The artificial intelligence industry moves quickly, with new model releases and product announcements appearing almost every week. Yet some experts believe the future leaders of the market will be determined by a different factor: control over the infrastructure that powers AI development.

According to The Silicon Review, IFORELS founder Vlad Panin shared this perspective during the widely discussed OpenAI leadership crisis in November 2023. While much of the technology community focused on the temporary removal and return of CEO Sam Altman, Panin examined the situation through a broader strategic lens, concentrating on ownership, computing resources, distribution networks, and long-term business relationships.

At the time, many observers viewed the resolution of the OpenAI board dispute as confirmation of the company’s independence. Panin reached a different conclusion. He argued that Microsoft’s significant financial investment, cloud infrastructure support, and commercial partnerships placed OpenAI in a position closely tied to Microsoft’s ecosystem. In contrast, companies such as Google and Anthropic appeared better positioned to maintain greater control over their technology stacks and future direction.

The analysis was based on what Panin described as the “intelligence supply chain.” Similar to traditional industries, artificial intelligence depends on several critical components working together. Developing advanced AI systems requires access to large-scale computing infrastructure, massive datasets, deployment channels, engineering talent, and sustainable economic models. Organizations that control more of these resources often gain advantages that extend beyond the capabilities of any individual model.

This viewpoint has become increasingly relevant as AI development costs continue to rise. Training modern frontier models demands enormous computational power and substantial investment. As a result, partnerships between AI developers and cloud providers have become essential parts of the industry. These relationships influence not only technical progress but also strategic flexibility and business decision-making.
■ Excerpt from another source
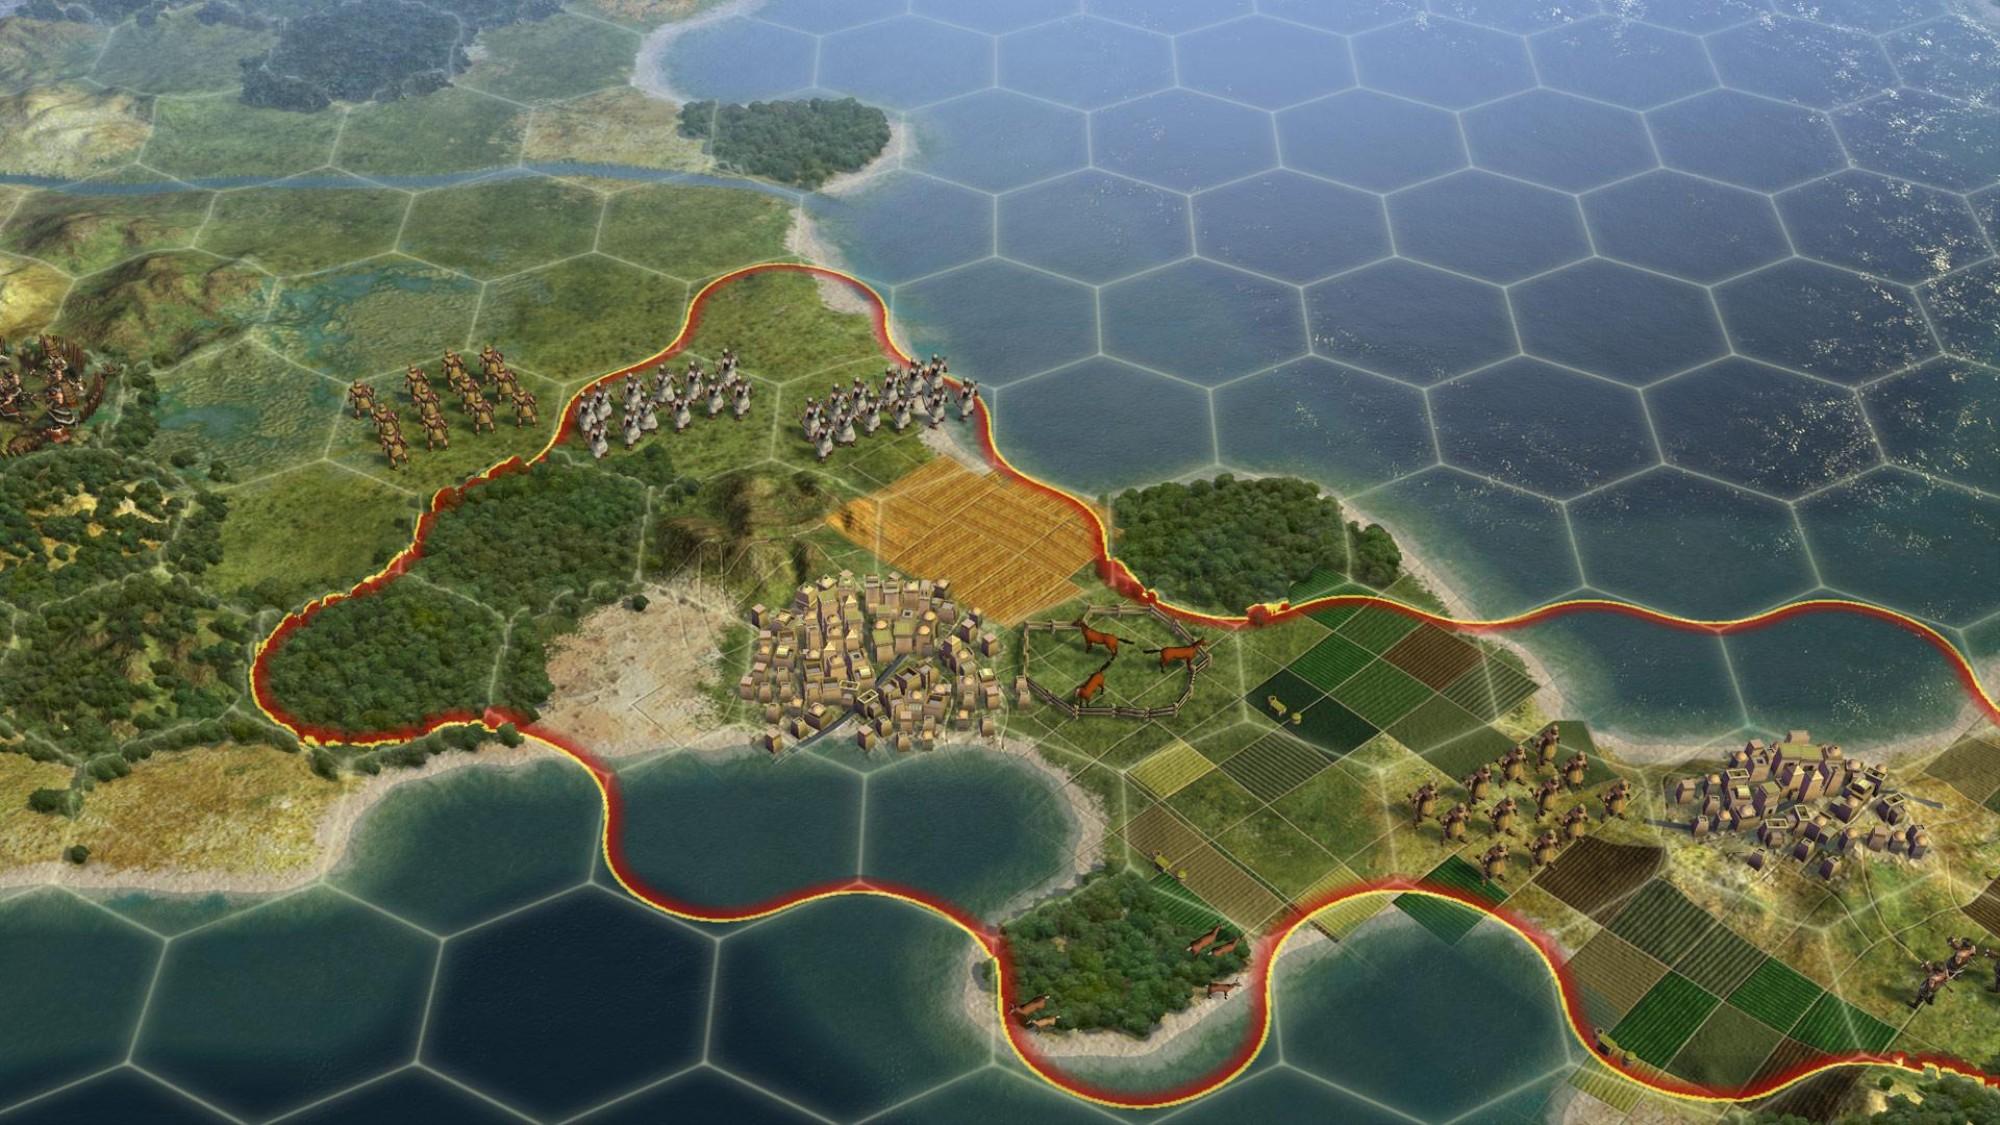 The Modders Who Decided to Overhaul the AI in 'Civilization ... on civ 5 cover, civ 5 huge maps, civ 5 world builder, civ 5 options, civ 5 custom maps, civ 5 gameplay, civ 5 mods, civ 5 terra maps, civ 5 archipelago, civ 5 funny, civ 5 demo, civ 5 multiplayer, civ 5 mini maps, civ 5 hitler, civ 5 tech tree, civ 5 cheats, civ 5 washington, civ 5 screenshots, civ 5 icons, civ 5 gandhi,

Panin’s forecast reflected a philosophy that has guided the development of IFORELS, later known as iFrame®. The company has focused on building long-term technological foundations, including long-context AI systems, distributed GPU infrastructure, and healthcare-focused artificial intelligence solutions. Rather than concentrating exclusively on short-term product cycles, the strategy emphasizes ownership of critical capabilities that support future innovation.

The founder’s perspective was shaped by years of experience in enterprise technology and systems integration. His work across large-scale technology projects and regulated business environments provided insight into how governance structures, operational control, and infrastructure ownership influence long-term outcomes. From this standpoint, the OpenAI leadership crisis represented more than a temporary corporate event. It highlighted structural relationships that could affect the future direction of the entire AI industry.
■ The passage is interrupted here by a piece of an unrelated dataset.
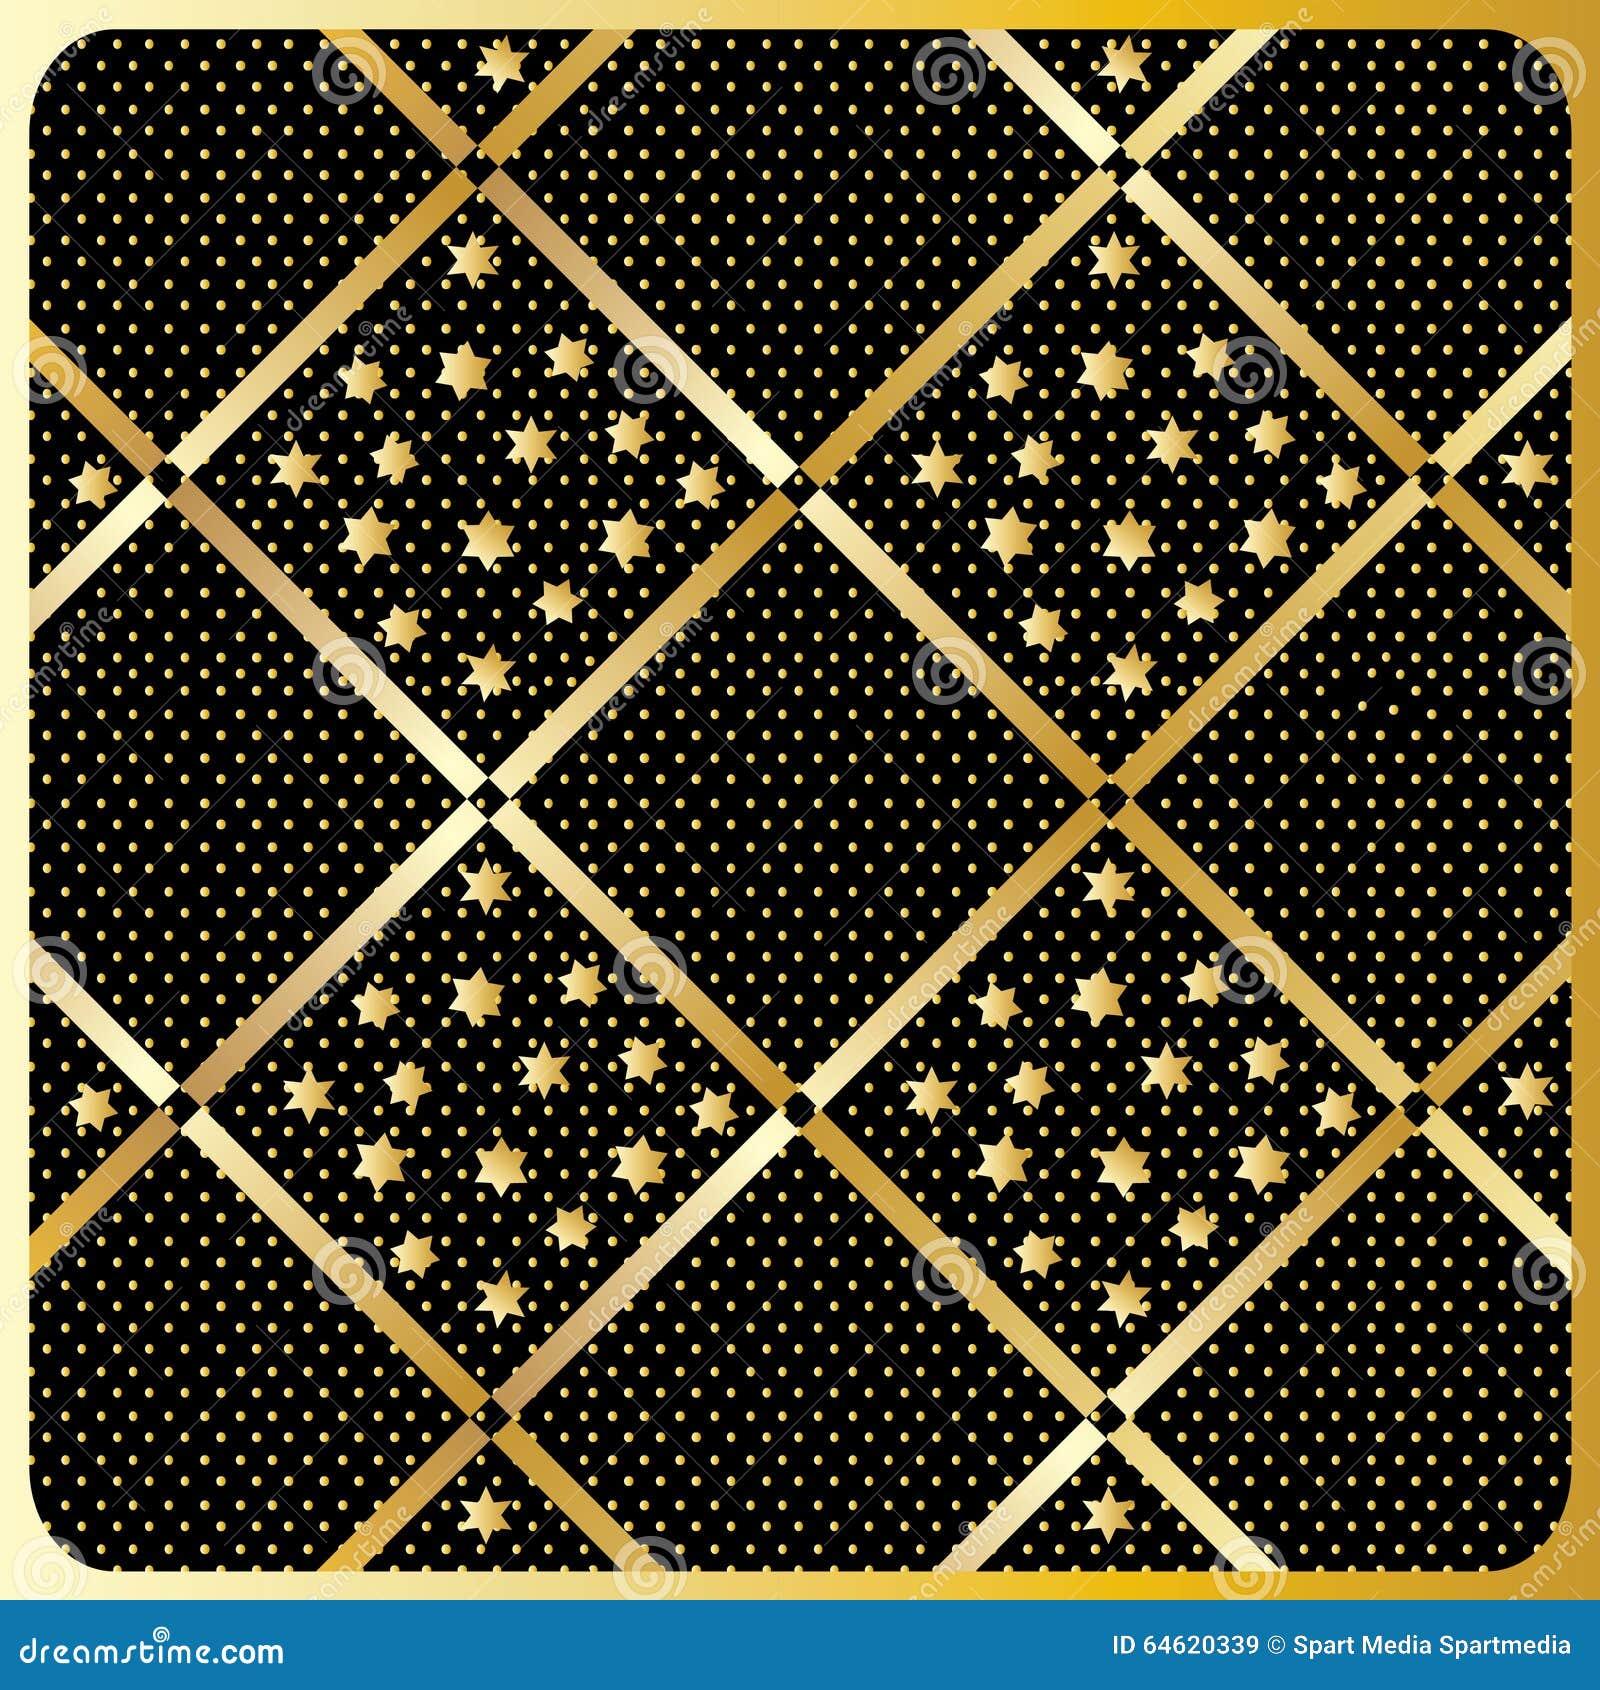 black diamond pattern background wwwimgkidcom the

Today, discussions about artificial intelligence increasingly extend beyond model performance rankings. Technology companies are investing heavily in data centers, specialized AI hardware, cloud platforms, and research infrastructure. Industry leaders recognize that access to these resources plays a major role in determining who can continue developing increasingly advanced systems.

While the AI market remains highly competitive and future developments are difficult to predict, one theme continues to gain attention: sustainable leadership requires more than innovative algorithms. Companies that control the infrastructure supporting AI development often possess advantages that are difficult for competitors to replicate.

As artificial intelligence becomes a central part of business, healthcare, cybersecurity, and consumer technology, the importance of infrastructure is likely to grow. The debate sparked by OpenAI’s 2023 leadership crisis demonstrated that behind every major AI breakthrough lies a network of resources, partnerships, and strategic decisions that shape the industry’s future.